Here is an example of the list swirling in my head before I get it down on paper:
- Send birthday present to a best friend in New Mexico (whose 40th birthday was over a month ago)
- Work on photo albums (a goal I’ve had since my daughter’s birth over 2.5 years ago)
- Cultivate more paid freelance work; organize list of new opportunities and create pitch schedule
- Send photos to Gramp
- Pitch for Orange Dot
- 1,500 word essay for Parks and Points fall contest / deadline: Oct 1
- B,C essays / deadlines: Sept 15 and Sept 30
- 2,500 essay for workshop on Sept 22 / deadline Sept 12
- Upload iPhone photos to computer so I can actually take pics and vids again
- Halloween costume
- Flesh out children’s book idea
- Review Oct writer’s conference schedule; choose workshops for Sept 14 registration
- Christmas gifts for 12 kids in our extended family (I created a separate list for this and intend to tackle it over the next few months; checked two off the list yesterday)
- Research and apply for MFA ?????
- Kathy Fish flash fiction writing class 9/12-9/23 (any prep required??)

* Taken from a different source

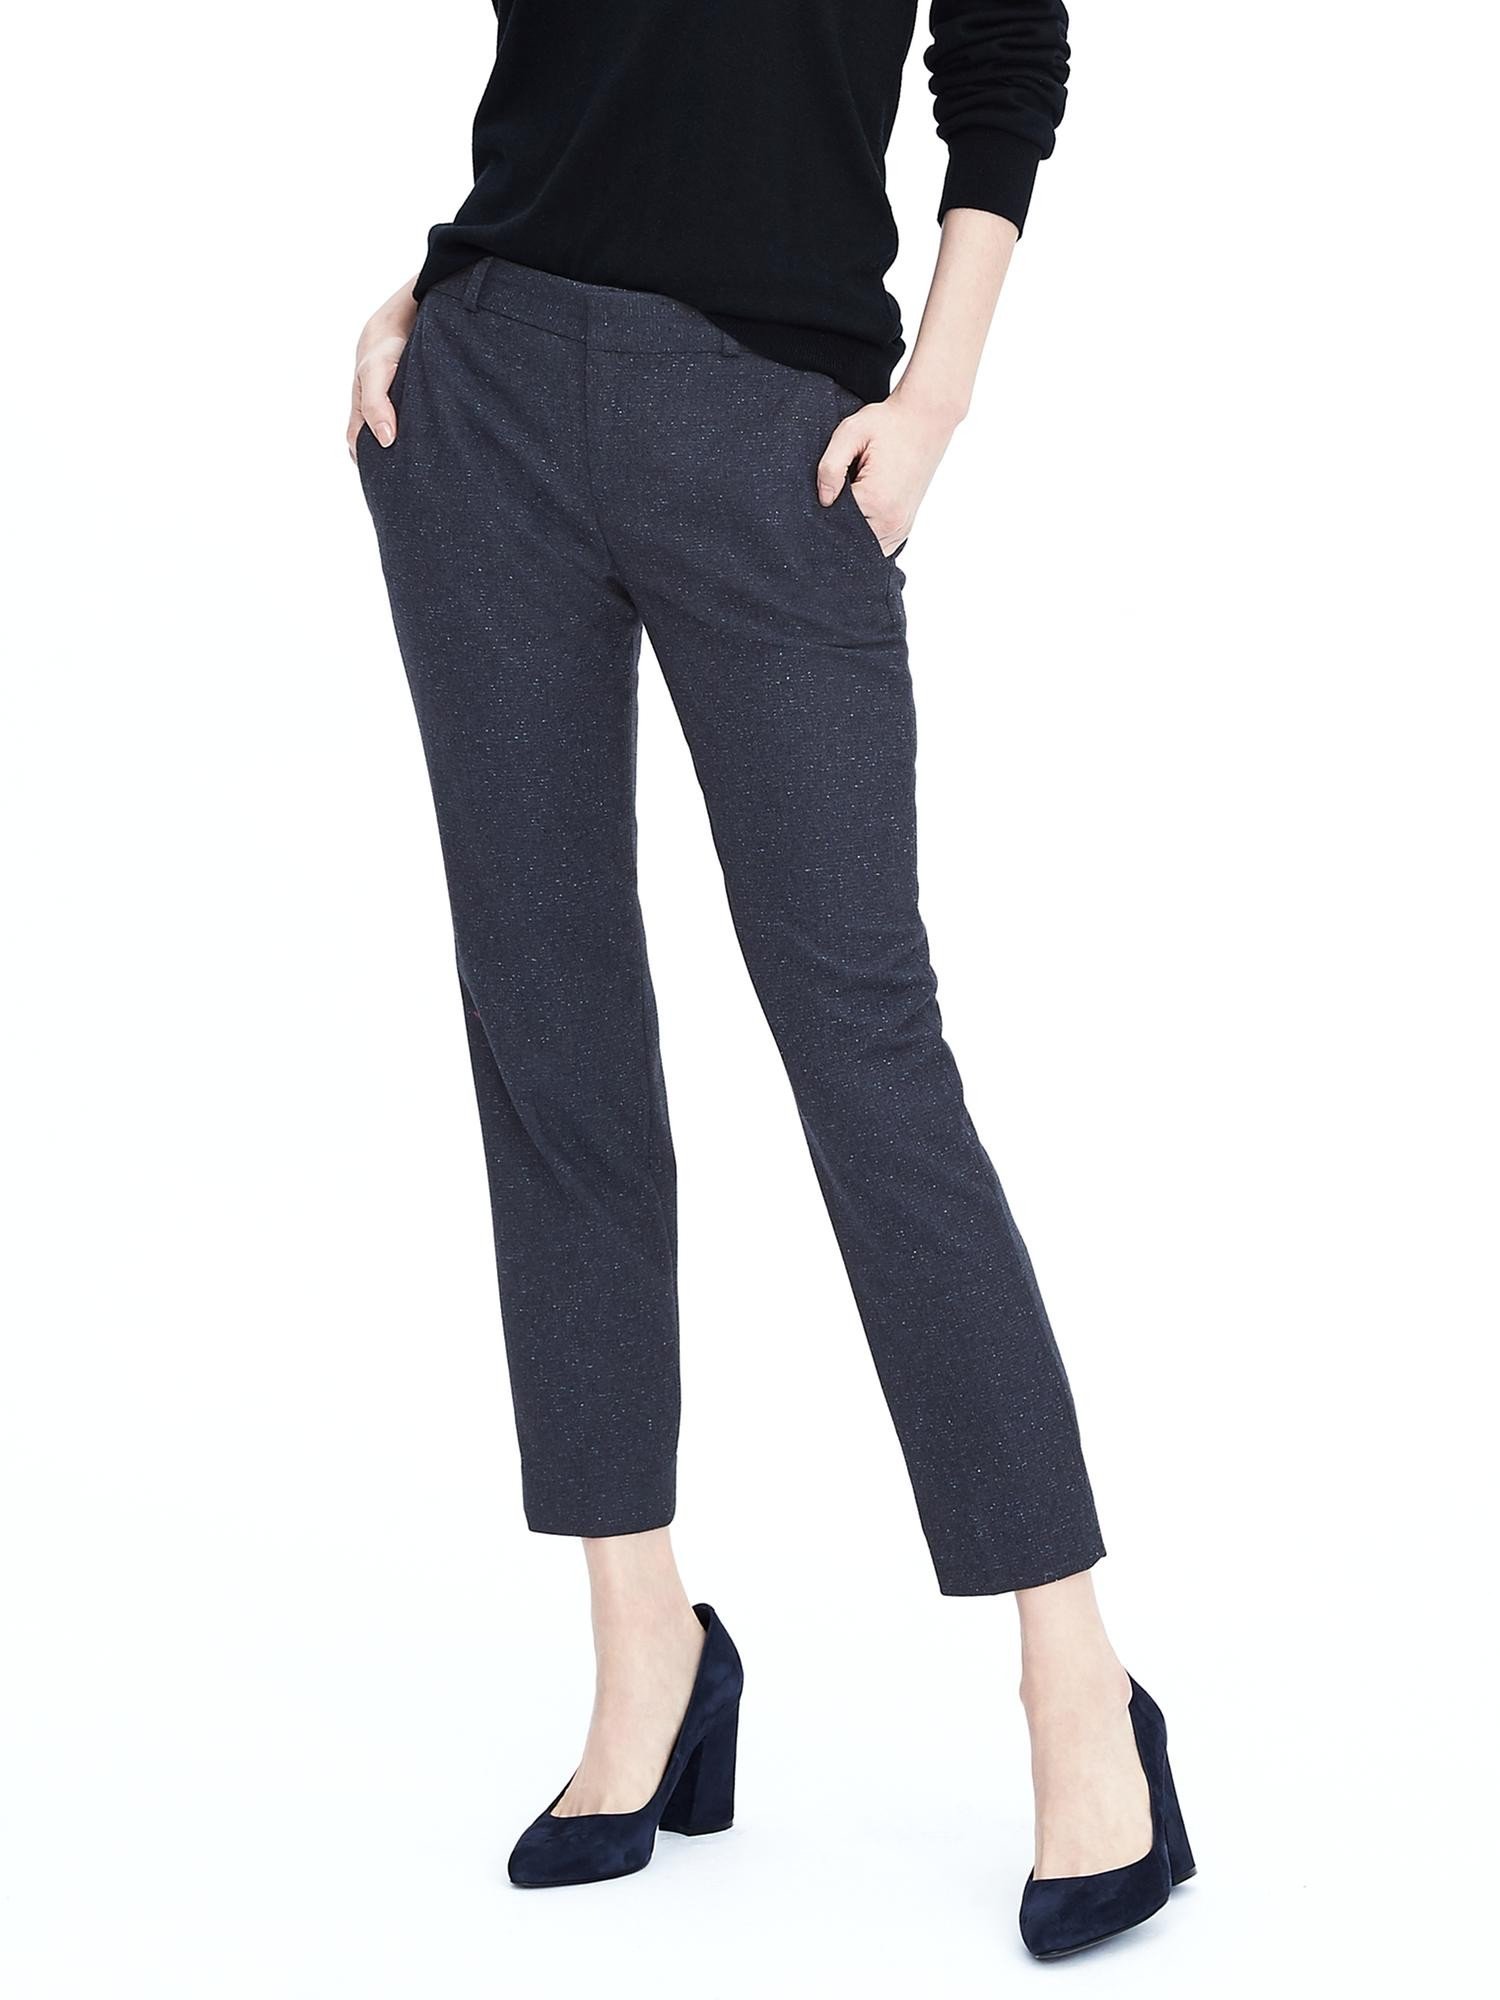 Avery-Fit yün karışımlı kumaş pantolon product image

- Bday gift for 5-year-old
- Finalize wedding album edits
- Wedding anniversary weekend Sept 17/18 – VT??
- Potty training!!
- Organize new story ideas
- Submit new poem to at least 3 journals
- Find dress for sister’s engagement party on Saturday
- Update LinkedIn profile (partially accomplished yesterday)
- Reschedule toddler’s well visit
This sample list is real, but incomplete. You can see that some of these tasks need to be broken down into several smaller tasks. Some are long-term goals; some tasks have deadlines coming up so quickly I’m not sure how I’ll meet them. Being at home full-time with a 2-year-old who does not yet attend preschool means my free time is very limited; it comes in small chunks, little slivers. I also provide childcare for a neighbor a few times a week. I make weekly schedules, but they are always subject to change and require ongoing flexibility.
Recently I’ve become more and more interested in personal organizational systems. Not only is staying organized key to developing my freelance career, it’s also hugely helpful in maintaining balance in my personal life. I don’t want to be scrambling at the holidays and managing loose ends, which is how I’ve felt since becoming a mom. Time and energy evaporate.
I belong to three writing groups on Facebook, and when freelance writer/PhD candidate, Erin Stewart, posted a link to her article How I Do To Do Lists, I pounced on it. I especially love her method because it speaks to organizing writing time and freelance work. Plus, it’s flexible and straightforward.
Stewart’s article also links to an article on Bullet Journals, a huge craze that’s news to me. I read this and immediately got super excited. Not only does bullet journaling sound like an amazing organizational method, it seems like the ideal transition for me once I complete this daily writing project. As of today, I have 132 posts left until completion. While it will be a relief to finish this project, I’m afraid it will also leave me feeling slightly untethered. I’ll continue to blog (maybe weekly), but I also want to maintain some sort of daily practice for myself. A bullet journal seems like just the thing.
So, dear readers, do any of you keep a bullet journal? Any to-do list freaks out there? What are your organizational methods and systems? Tell me how you manage this busy, chaotic, beautiful life.